> [How to complete this task]: Set down each line of the material that follows, exactly, with no pictures.

> [Data below]:
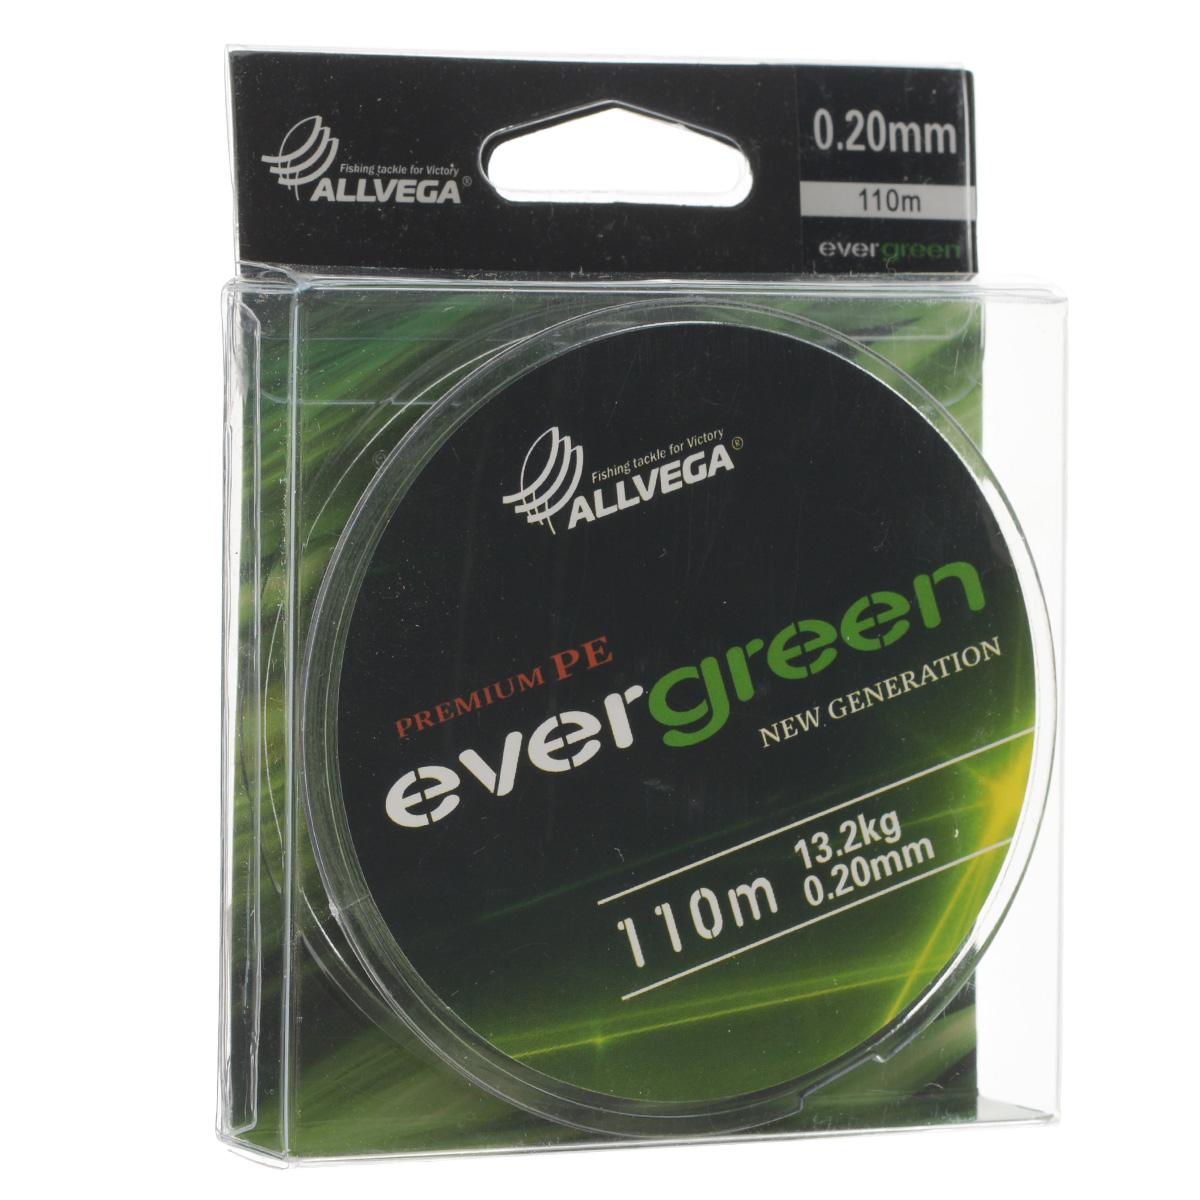 Леска плетеная Allvega Evergreen, цвет: темно-зеленый, 110 м, 0,20 мм, 13,2 кг218032Плетеная леска Allvega Evergreen очень прочная и способна выдержать сильные нагрузки. Благодаря высококачественному сырью леска Allvega Allvega Evergreen максимально устойчива к любым погодным условиям и особенностям каждого водоема. При традиционных методах производства плетеные шнуры со временем теряют свой цвет (покрытие), а вместе с ним и часть своих полезных физических свойств. Революционно новый подход в технологии изготовления лесок Allvega Evergreen позволяет забыть о проблеме потери цвета в процессе использования шнура. Он всегда будет зеленым - он просто не может быть другим!
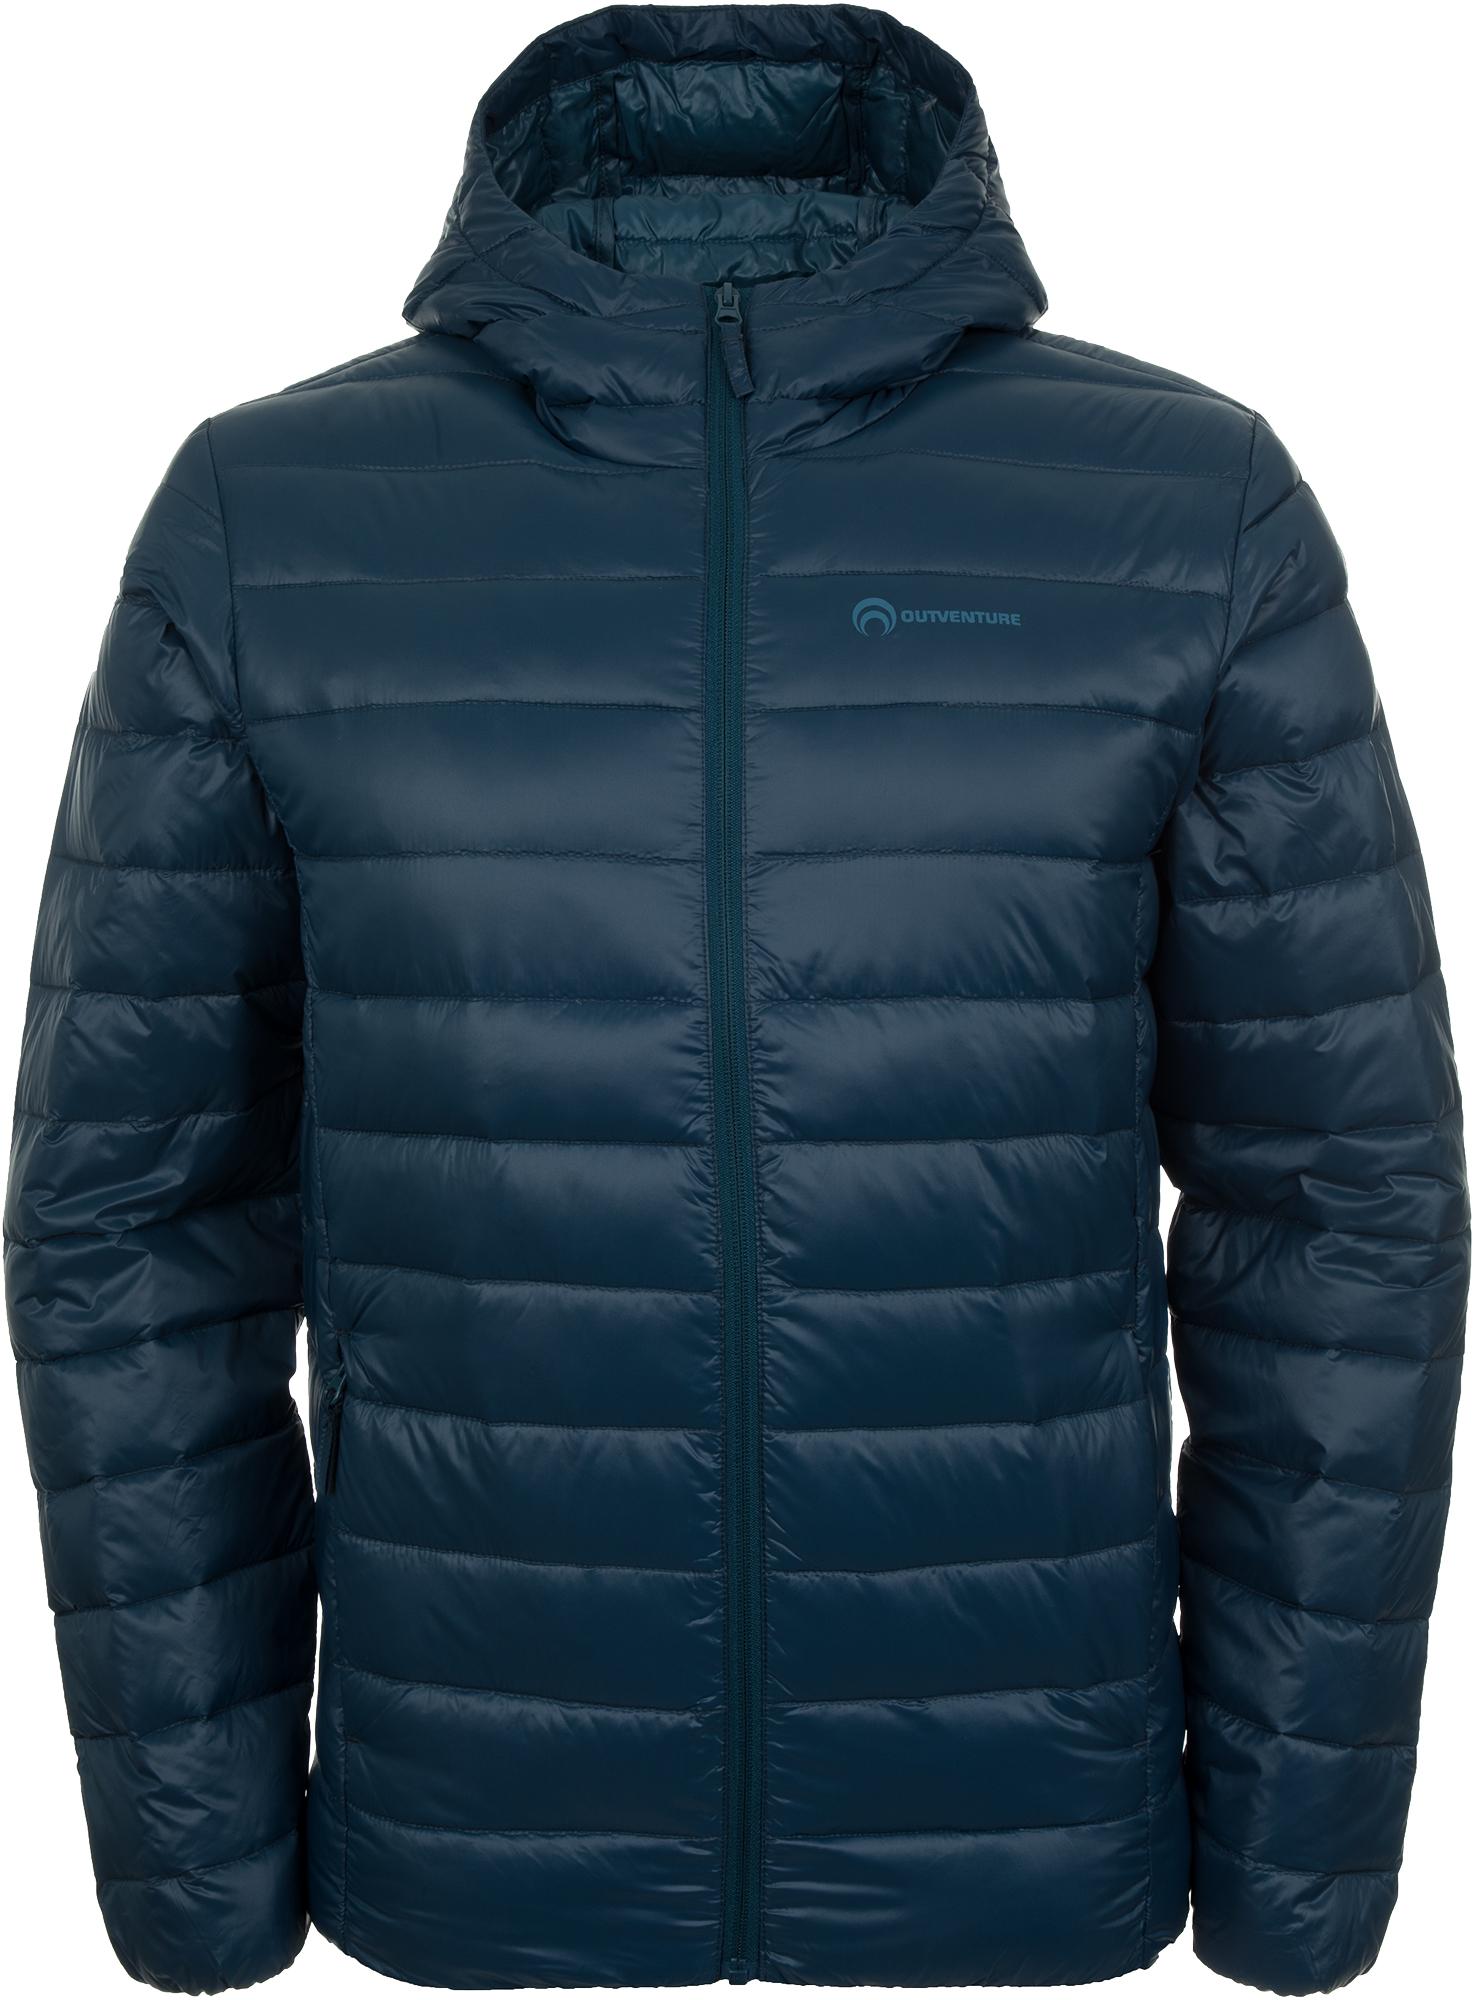 Outventure Куртка пуховая мужская Outventure, размер 52
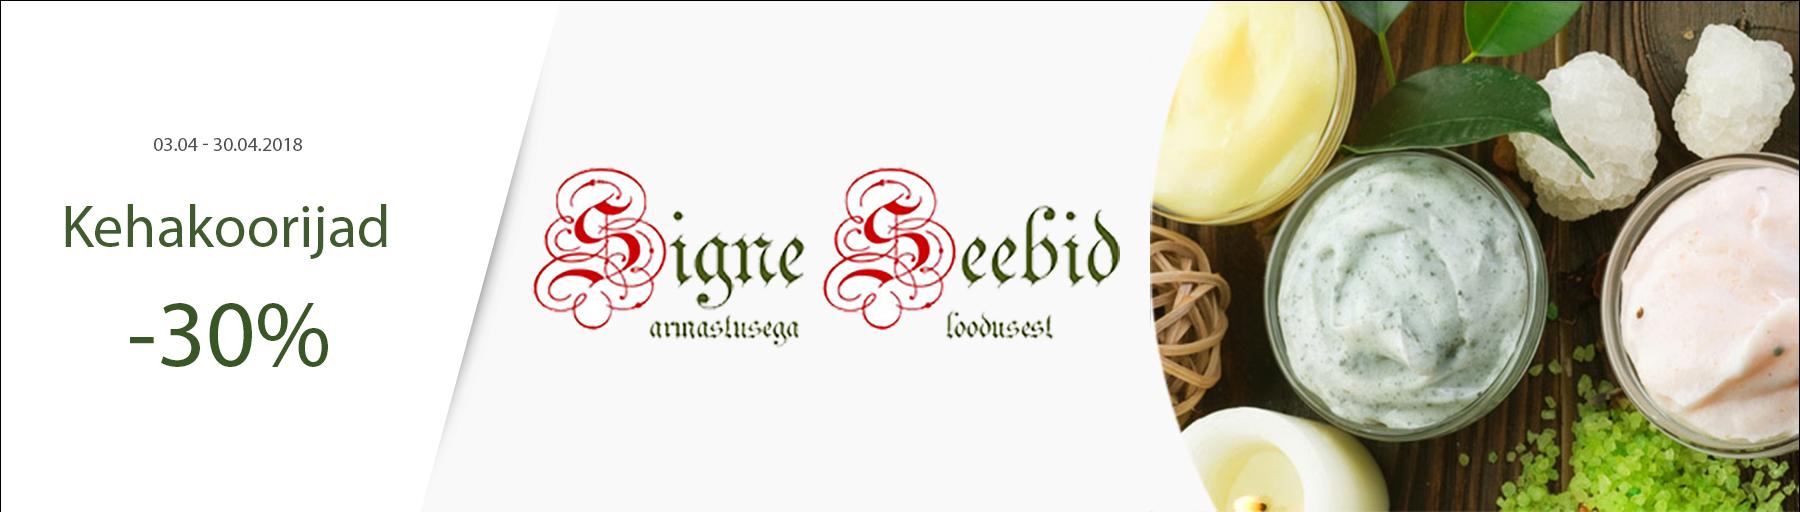 Signe Seebid Body Scrub -30%

> [Result for this task]:
 Леска плетеная Allvega Evergreen, цвет: темно-зеленый, 110 м, 0,20 мм, 13,2 кг218032Плетеная леска Allvega Evergreen очень прочная и способна выдержать сильные нагрузки. Благодаря высококачественному сырью леска Allvega Allvega Evergreen максимально устойчива к любым погодным условиям и особенностям каждого водоема. При традиционных методах производства плетеные шнуры со временем теряют свой цвет (покрытие), а вместе с ним и часть своих полезных физических свойств. Революционно новый подход в технологии изготовления лесок Allvega Evergreen позволяет забыть о проблеме потери цвета в процессе использования шнура. Он всегда будет зеленым - он просто не может быть другим!
 Outventure Куртка пуховая мужская Outventure, размер 52
 Signe Seebid Body Scrub -30%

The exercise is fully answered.